Я решил, что расскажу обо всем группе и буду держаться стоически – мол, жизнь продолжается, бла-бла-бла. Не получилось. Я приплелся в бар отеля «Сибел Таунхаус» – да, все туда же, – хрипло выговорил: «Врачи считают, что у меня рак горла», – и разразился громкими рыданиями. Даже если операция пройдет успешно и биопсия будет чистая, со мной, как с певцом, все равно покончено: Джули Эндрюс
[176] удаляла кисты на голосовых связках и навсегда потеряла голос.
Мы завершили турне. Правда, на последнем концерте я дал маху. До смерти перепуганный, решил сбежать из Сиднейского Развлекательного Центра за несколько минут до начала шоу, прямой репортаж с которого должны были показывать по телевидению. Оркестр играл увертюру, а я бежал из зала, а навстречу мне спешил Фил Коллинз: хотел занять свое место в последний момент, чтобы не приставали поклонники. Увидев, что звезда шоу несется в противоположном направлении, он в изумлении остановился.
– О, привет, Элтон… Подожди, а куда ты собрался?
– Домой! – прокричал я, не замедляя шаг.
На самом деле я не впервые убегал с собственного концерта. Несколько лет назад во время рождественского шоу в «Хаммерсмит Одеон»
[177] я решил сбежать сразу после основной программы и перед выходом на бис. Мы уже почти доехали до развязки Хогарт, и тут я успокоился и решил вернуться – подумаешь, всего десять минут езды. Но обратная дорога заняла гораздо больше времени, потому что у транспортного узла одностороннее движение, и мы бесконечно долго разворачивались. Удивительно, но зрители меня дождались.

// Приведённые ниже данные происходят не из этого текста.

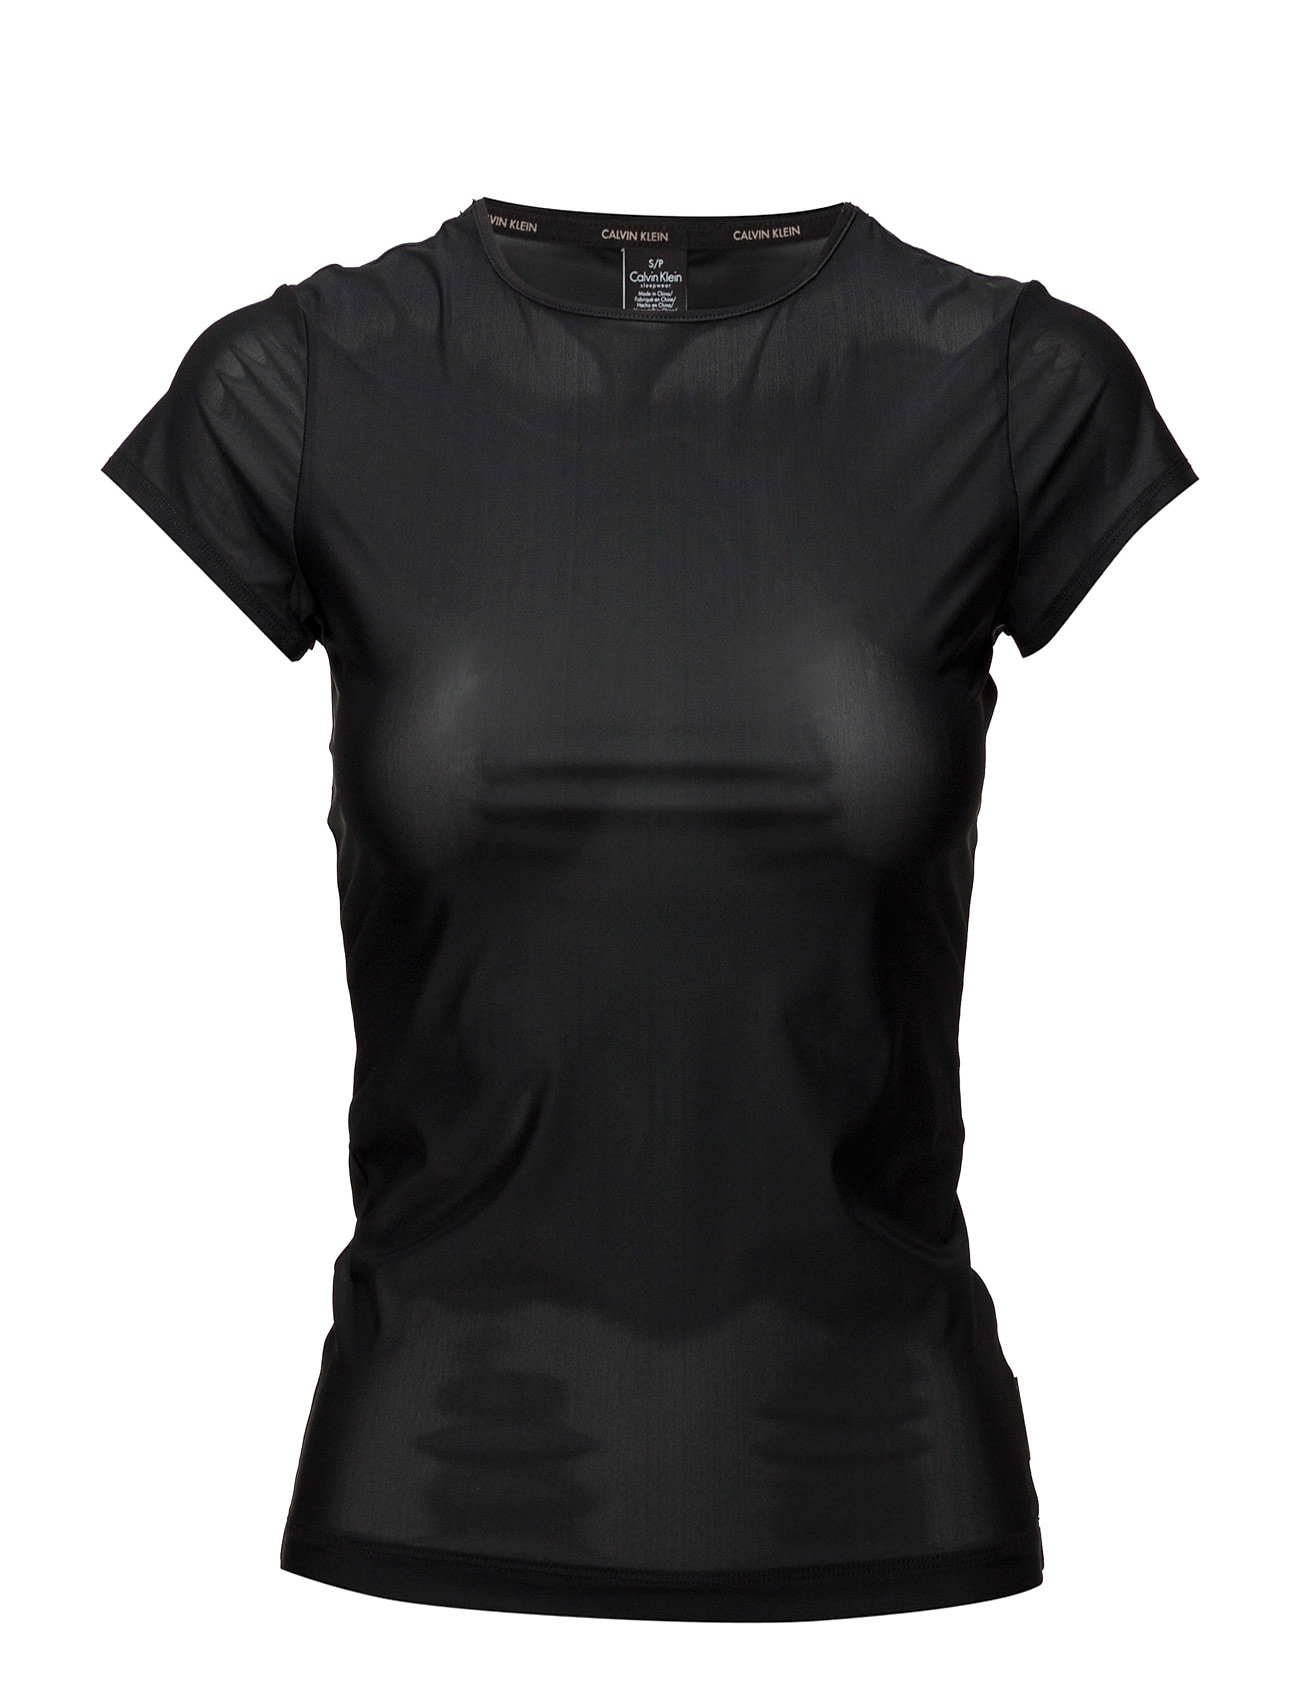 Calvin Klein TOP CREW NECK SHORT SLEEVE - BLACK

В Сиднее же я передумал уходить, еще даже не добравшись до машины. Концерт прошел грандиозно. Он стал лучшим из всех. Думаю, меня подогревала мысль о том, что я пою в последний раз. Гвоздем программы стала Don’t Let The Sun Go Down On Me. Мой голос звучал грубовато и хрипло, но, наверное, никогда я не исполнял эту песню так хорошо. Она и так всегда заставляла зал затаить дыхание, особенно в оркестровом варианте. Но в тот вечер каждая строка словно приобрела новый смысл.

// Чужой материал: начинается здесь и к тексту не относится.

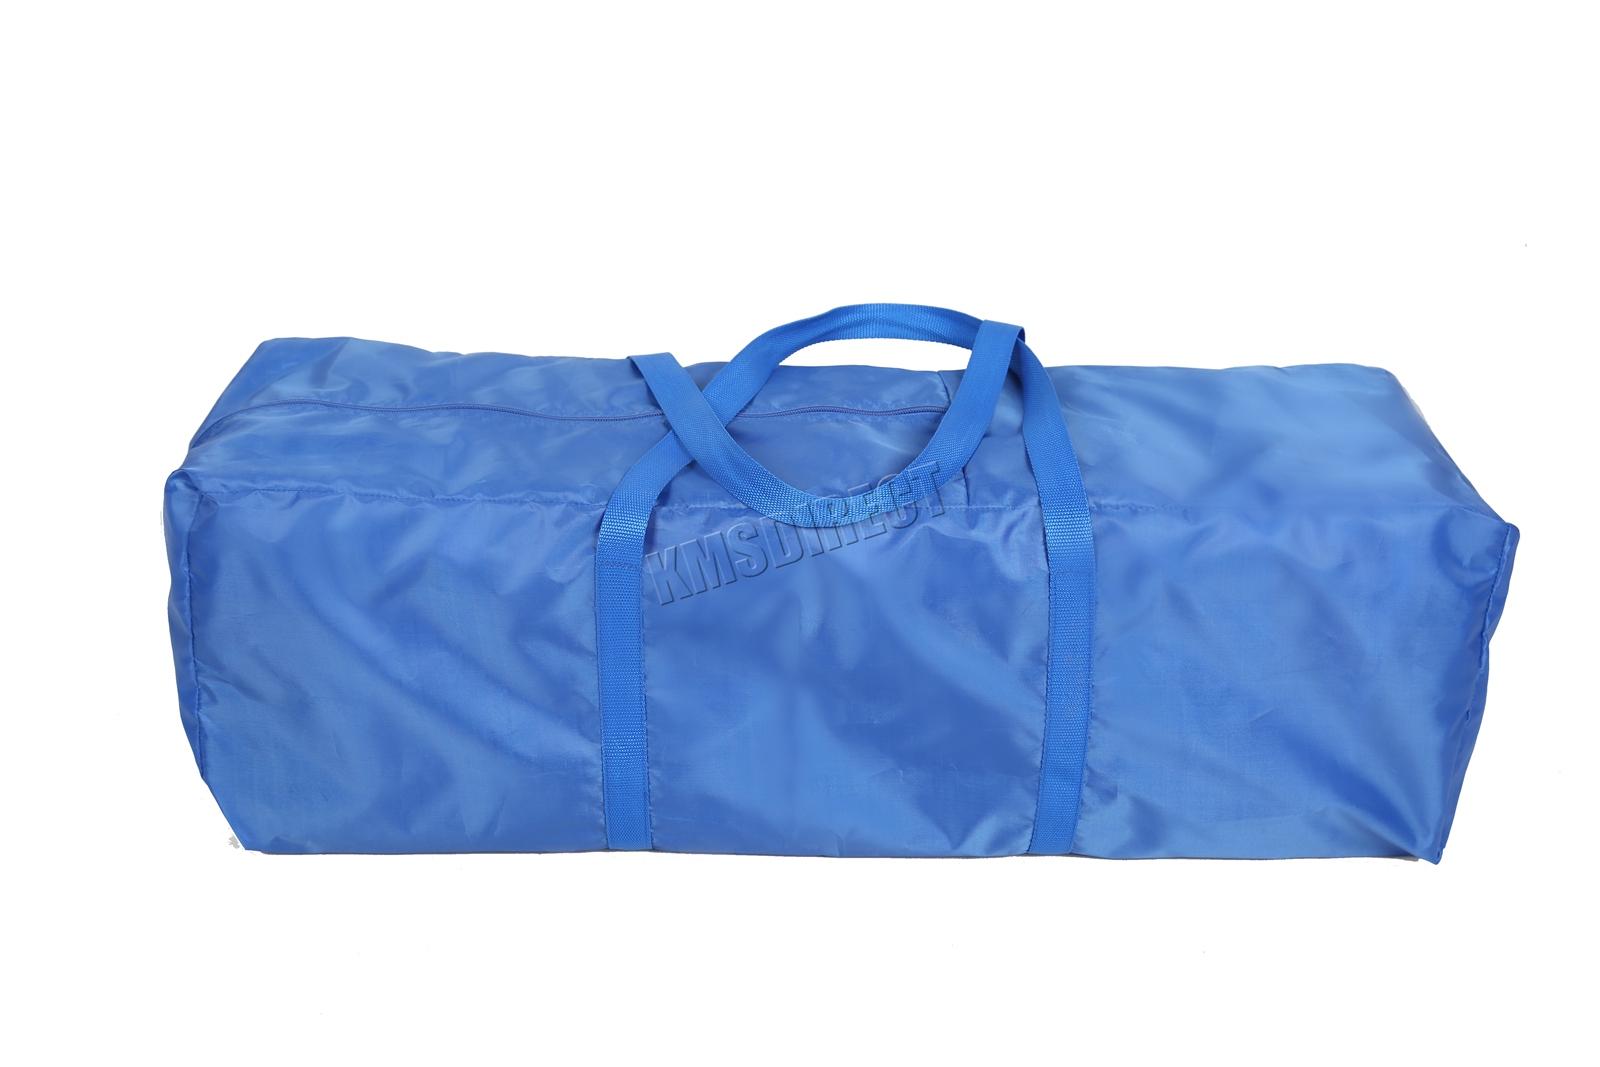 FoxHunter Portable Baby Travel Cot Bed Kids Infant Playpen Bassinet BCB01

Сразу после окончания турне в австралийской клинике мне сделали операцию. Все прошло удачно, кисты удалили, рака не обнаружили. После периода реабилитации я понял, что голос у меня все-таки изменился – но, на мой взгляд, к лучшему. Он стал глубже, я уже не мог петь фальцетом, и это мне даже нравилось. Я ощущал в своем голосе больше зрелости и силы – причем силы какого-то нового качества. Я не верил своему счастью. Думал, что все плохое теперь уйдет из моей жизни и начнется сплошная полоса везения.